Flexibility-Energy: When all trials were included, killer whales responded with low and moderate energy behaviors to the innovate cue significantly more than with high energy single actions, multiple behaviors of the same or mixed energy levels, as indicated by a significant effect for energy [Huynh–Feldt F(3.75, 18.75) = 8.14, p < 0.001, partial eta sq = 0.62]. Sidak post hoc tests indicated that low energy single actions were performed significantly more often by the killer whales than two or more low energy behaviors [p < 0.01], two or more high energy behaviors [p = 0.052], two or more combinations of moderate and high energy behaviors [p < 0.05], and a combination of all three energy levels [p < 0.05]. Sidak post hoc tests also indicated that a combination of low and moderate energy actions was performed significantly more often than two or more high energy behaviors [p < 0.05], a combination of moderate and high energy behaviors [p < 0.05], and a combination of low, moderate, and high energy behaviors [p < 0.05]. Finally, one high energy behavior was produced more often than two or more high energy behaviors [p = 0.063], (Fig. S3). After low and moderate energy single action responses, the next most frequently used energy levels used were heterogenous—low and moderate then low and high—with multiple behaviors presented simultaneously or in sequence (Fig. S3). These results for all trials are similar to those observed in the minimum standard trials (Fig. S3).

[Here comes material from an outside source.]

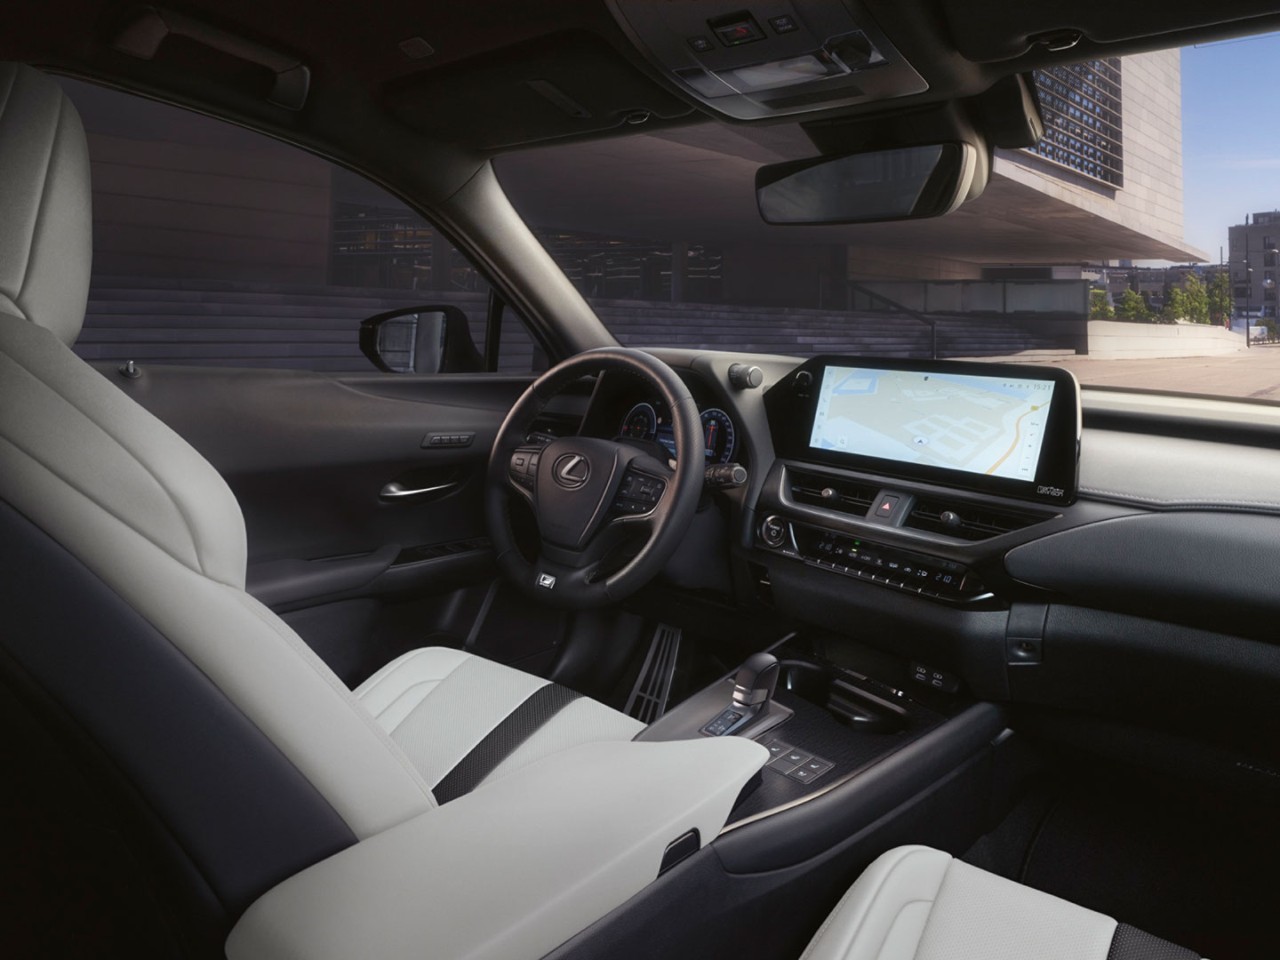 The Lexus UX cockpit

Flexibility-Type: Killer whales responded primarily with four types of flexibility: motor (type 1), vocal (2), multiple actions both/all motor (4), and motor and vocal actions together (7), which was indicated by a significant main effect of type [Huynh–Feldt F(2.77, 13.85) = 10.58, p < 0.001, partial eta sq = 0.68]. Sidak post hoc tests indicated that single motor actions were performed significantly more often than two or more vocal responses [p < 0.05] and all three types of actions were performed in combination [p < 0.05]. Additionally, the combination of motor and vocal actions were performed significantly more often than two or more vocal actions [p < 0.05], two or more bubble actions [p < 0.05], and a combination of motor, vocal, and bubble [p < 0.05 (Table 4; Fig. S4)]. Killer whales rarely used bubble responses or heterogenous behaviors that included bubbles and either motor or vocal actions (Fig. S4).

Flexibility-Repertoire: Similar to the standardized data, all animals responded with behaviors from their trained repertoire to the most innovative cue requests (Table S1), though four killer whales (KAM, KEI, MOA, TAK) presented one to two behaviors each in a single session that had not previously been identified in their repertoires (Table S1). Three animals were immature – one female (KAM) and two males (KEI, MOA) – and the fourth individual was the matriarch from SWT (TAK) (Table S1).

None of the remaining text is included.